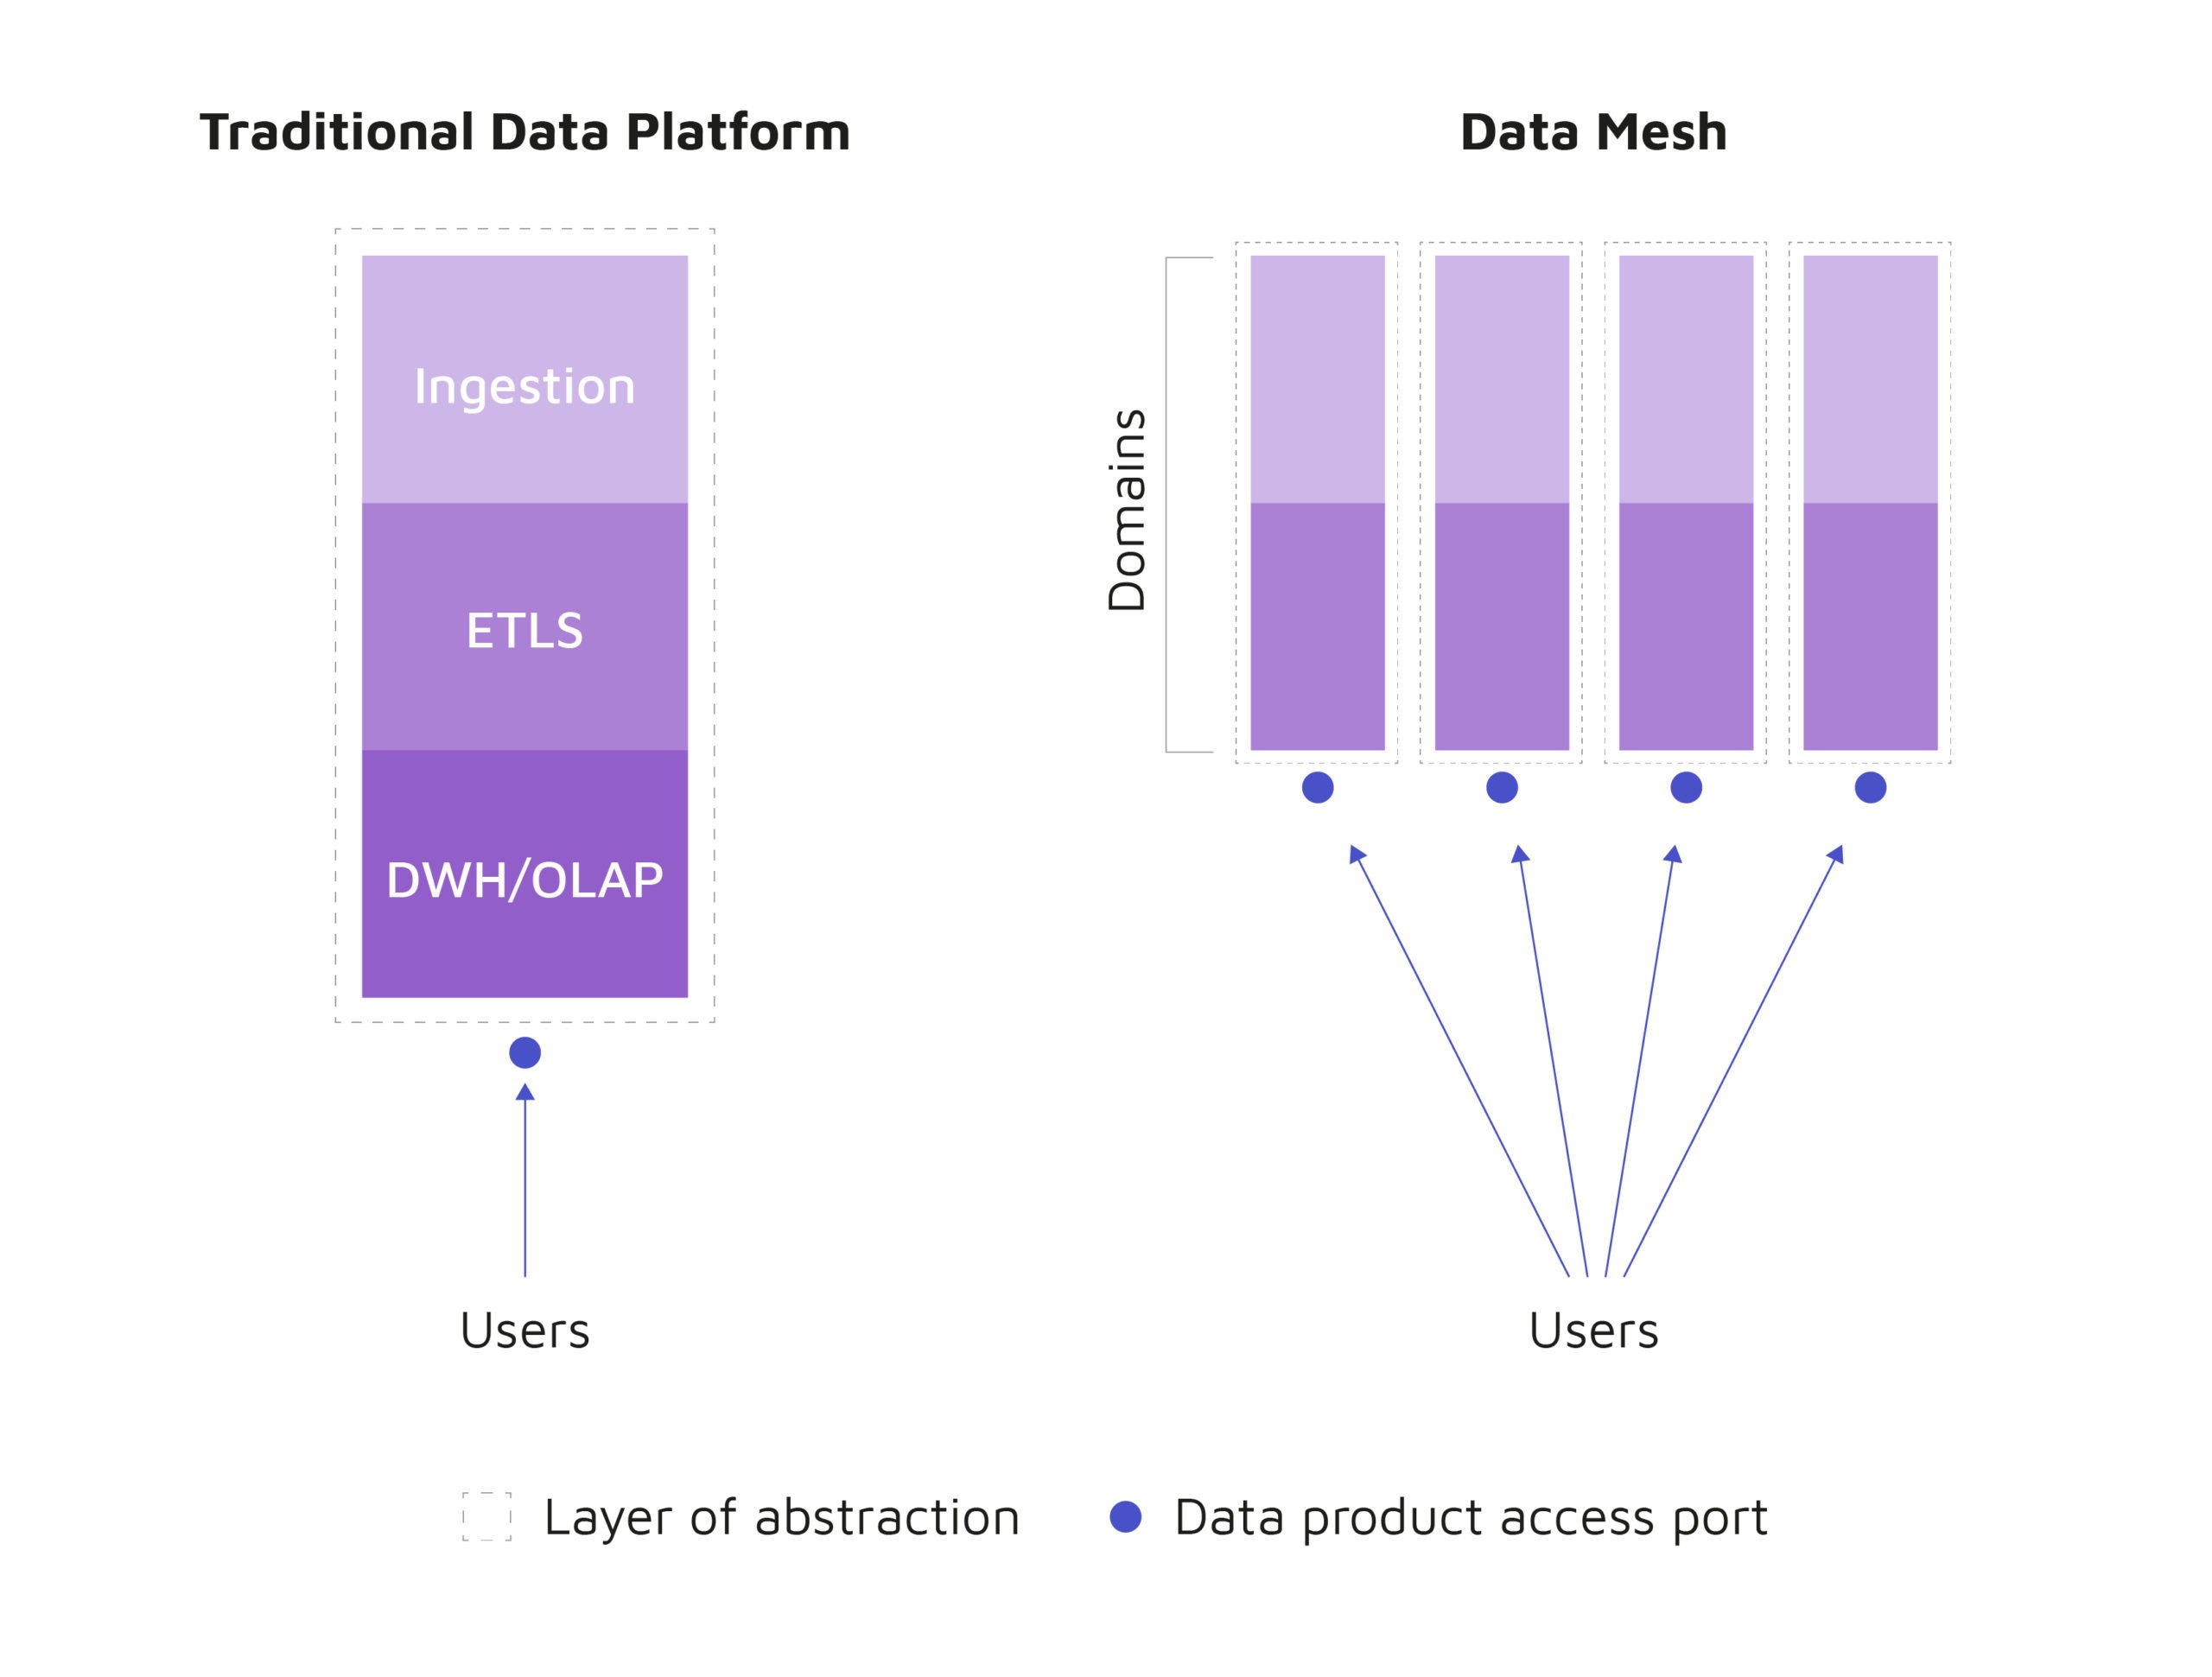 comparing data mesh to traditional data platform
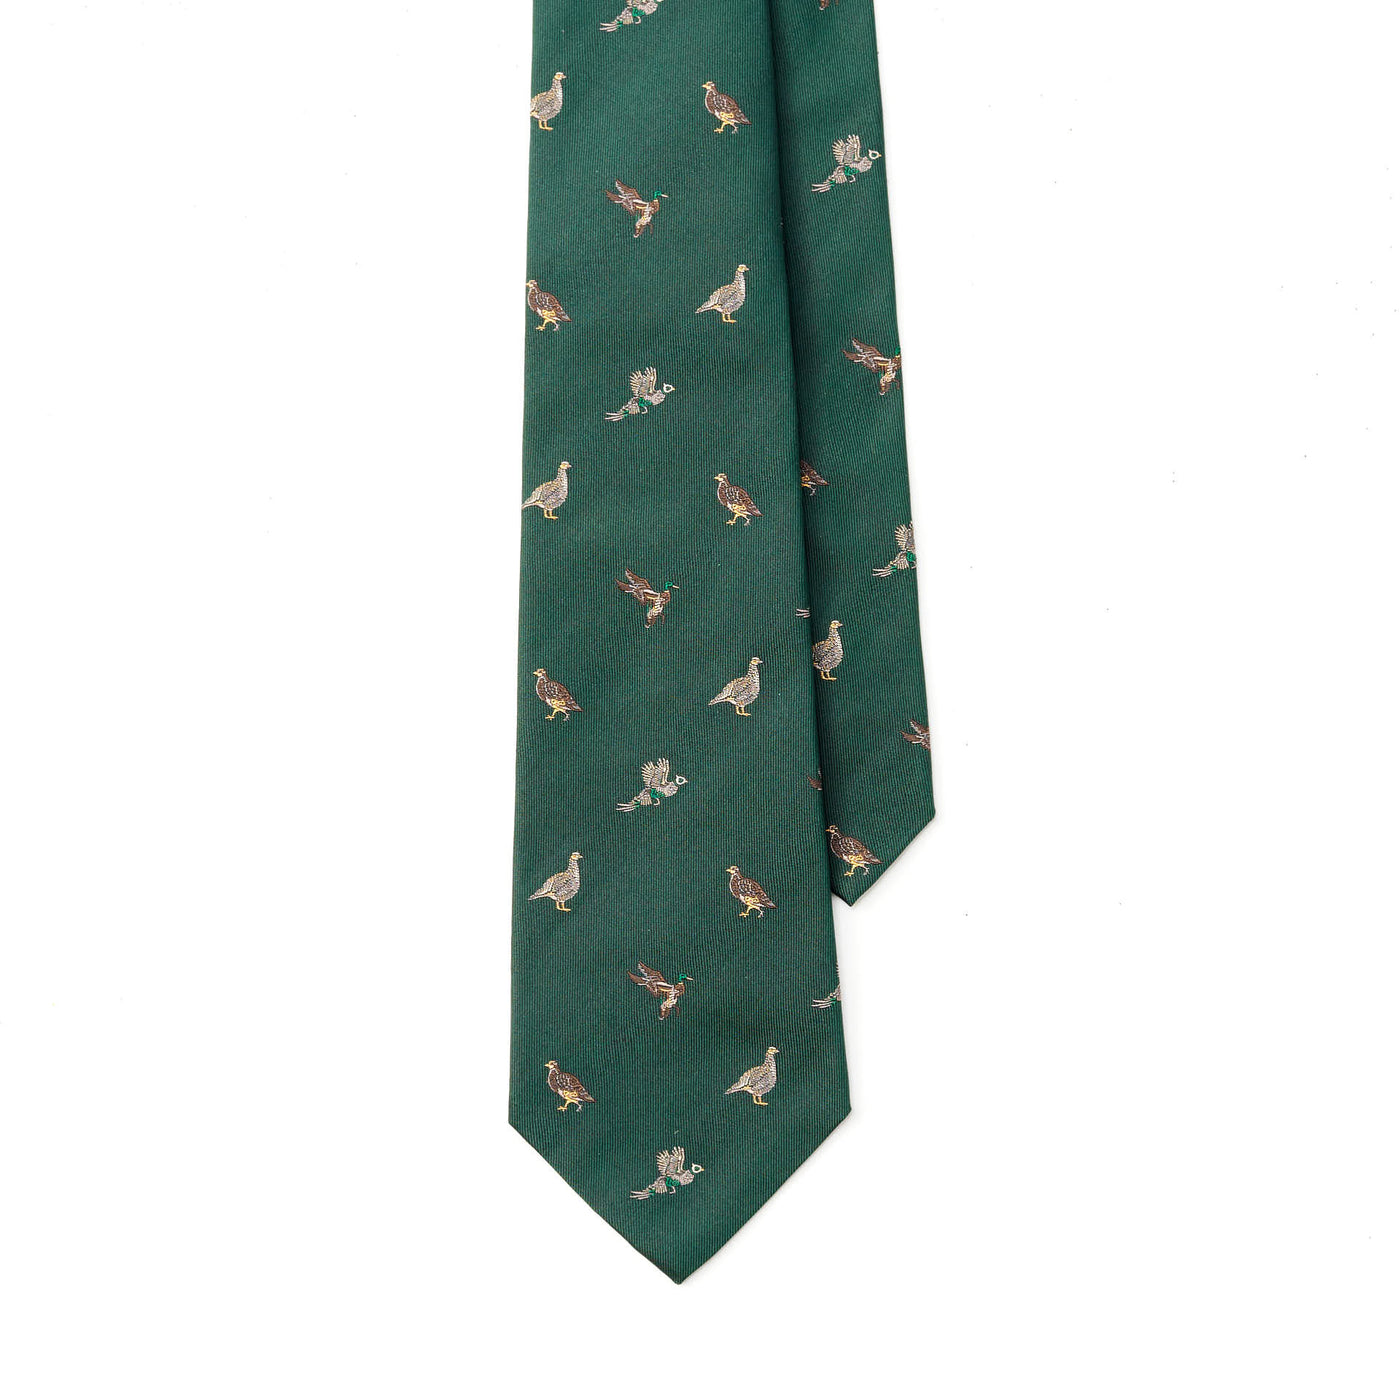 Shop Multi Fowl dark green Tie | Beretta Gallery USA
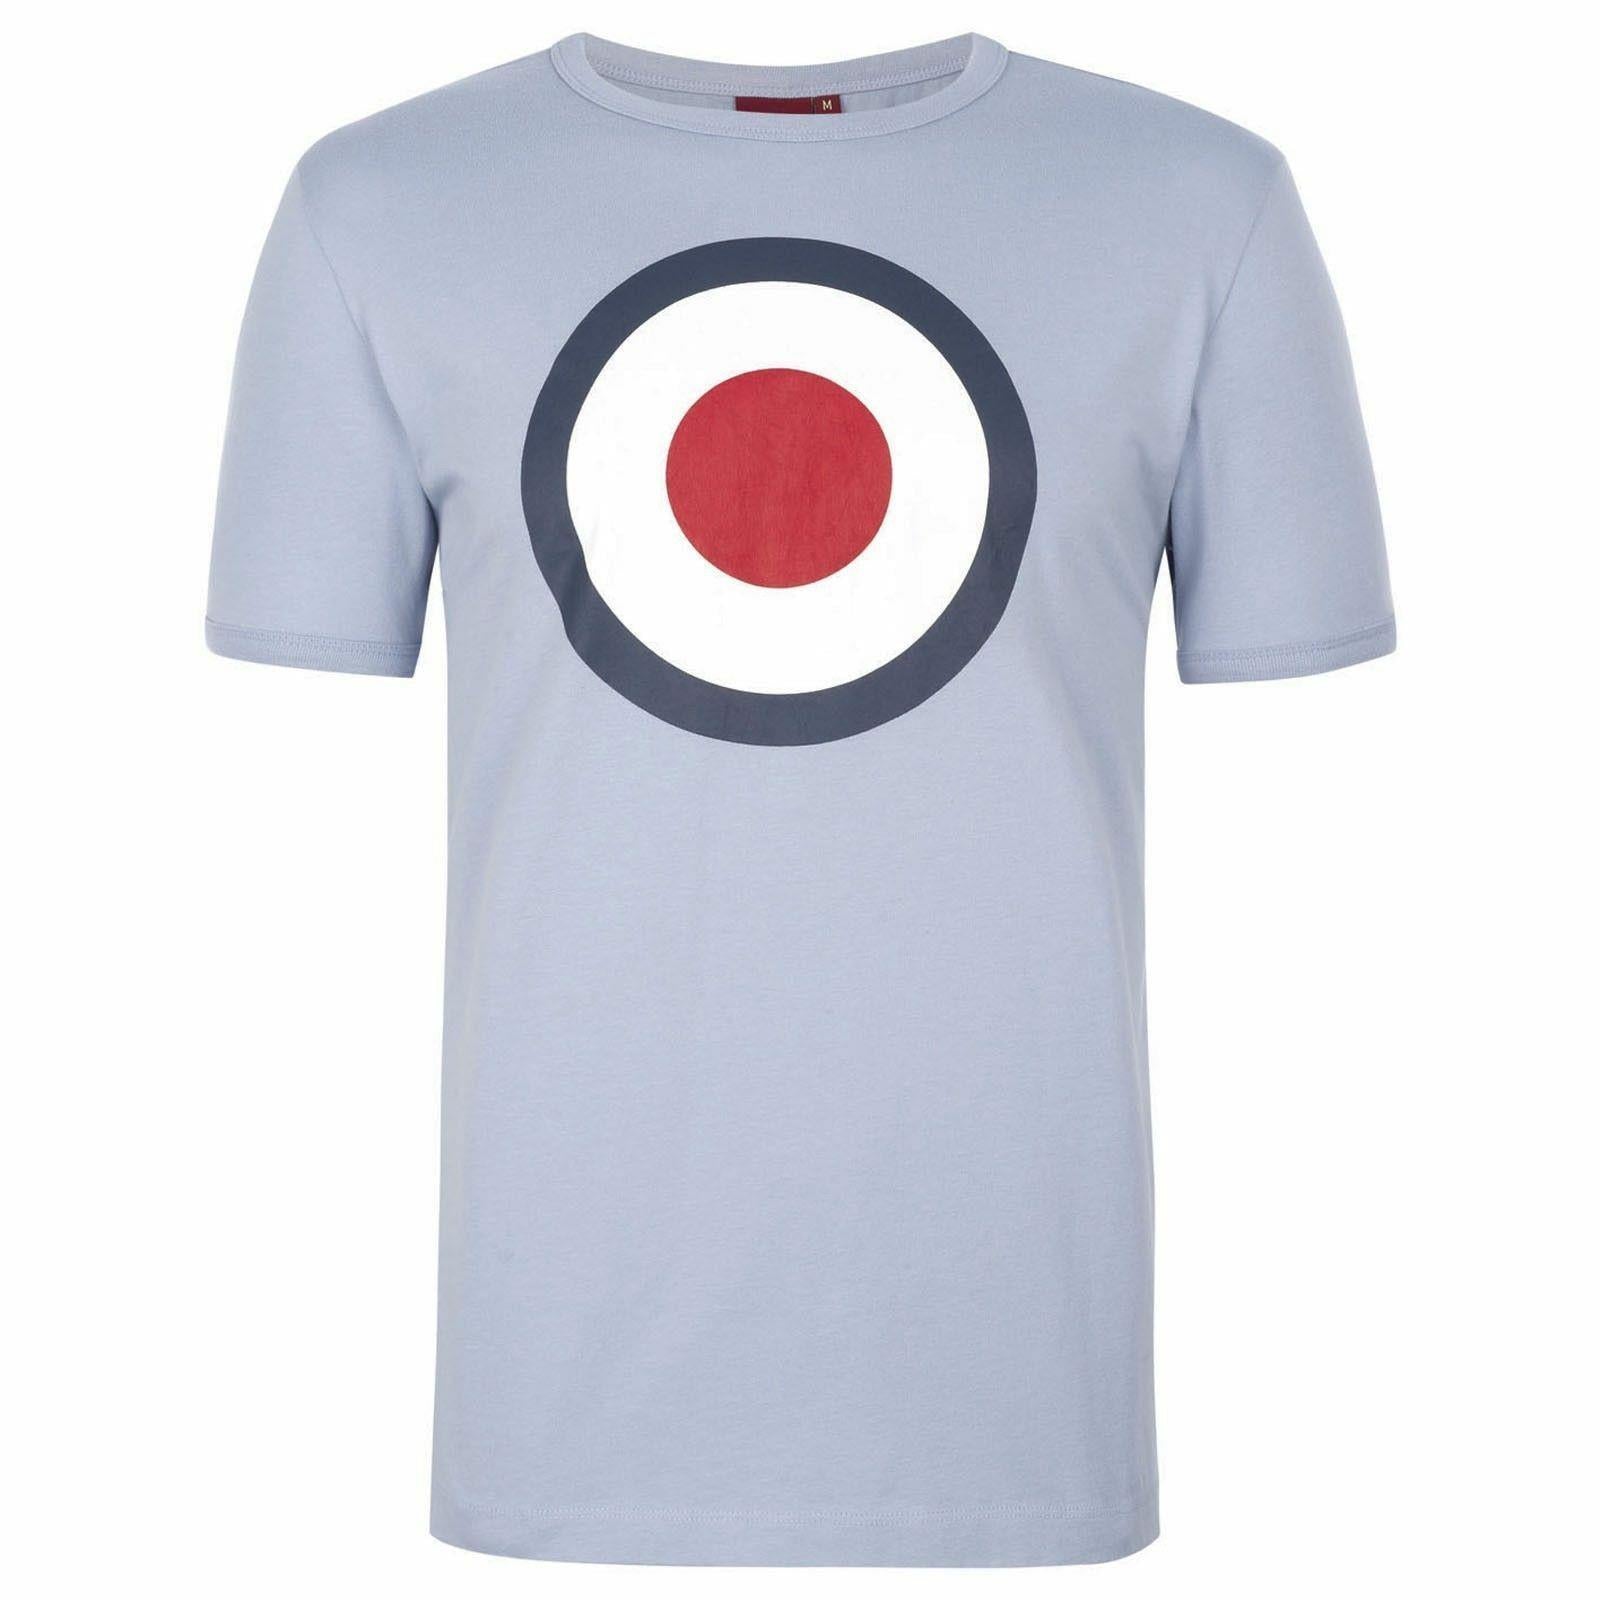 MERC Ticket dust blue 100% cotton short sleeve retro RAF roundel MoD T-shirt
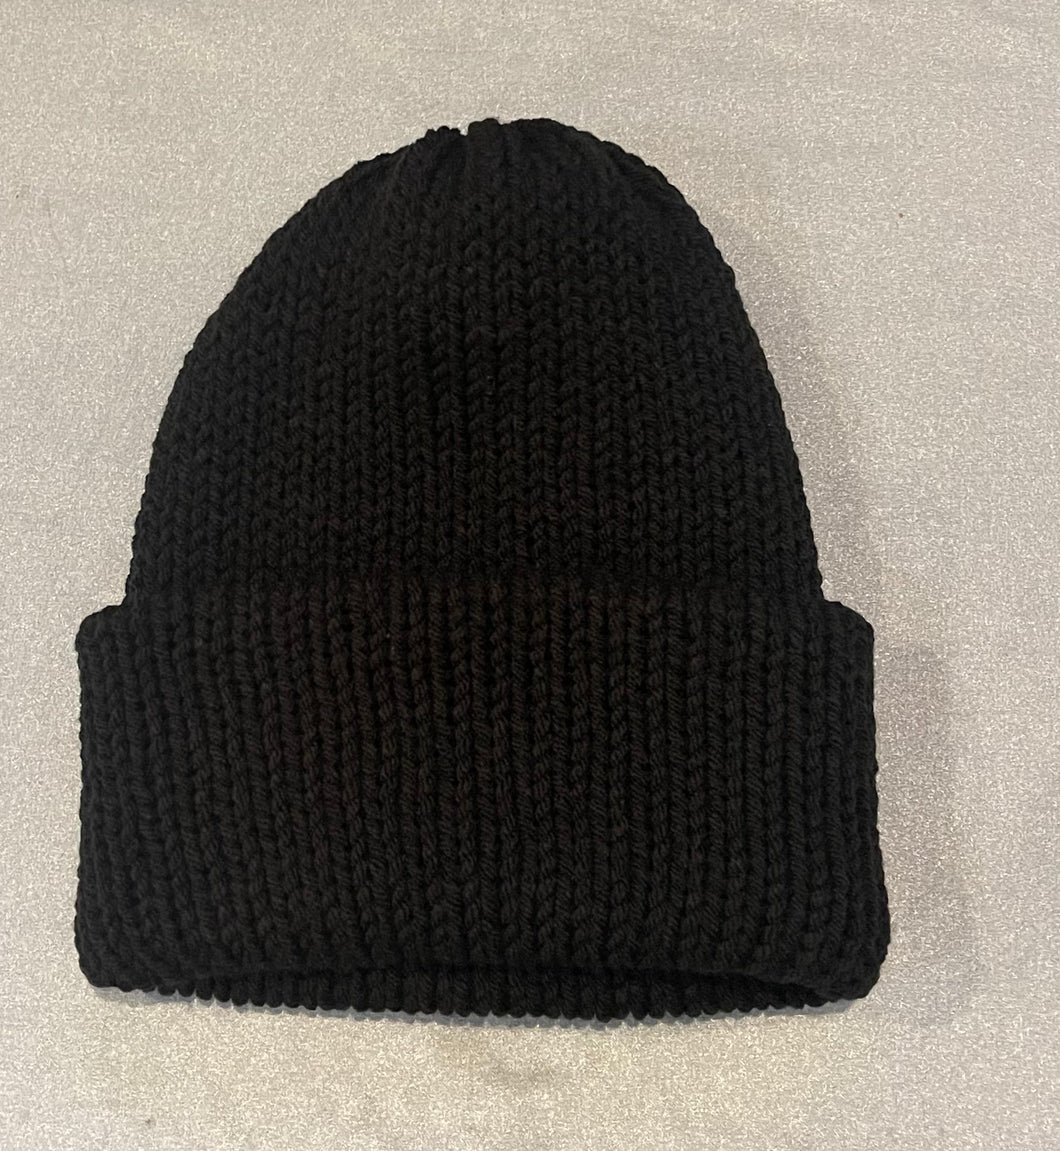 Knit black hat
- - -
• [PROBLEM REQUIREMENTS]
Would you restate word for word each line from the one that holds "MERC Ticket dust" to the end of the material, both ends included, without the pictures?

• [ANSWER]
 MERC Ticket dust blue 100% cotton short sleeve retro RAF roundel MoD T-shirt
 Knit black hat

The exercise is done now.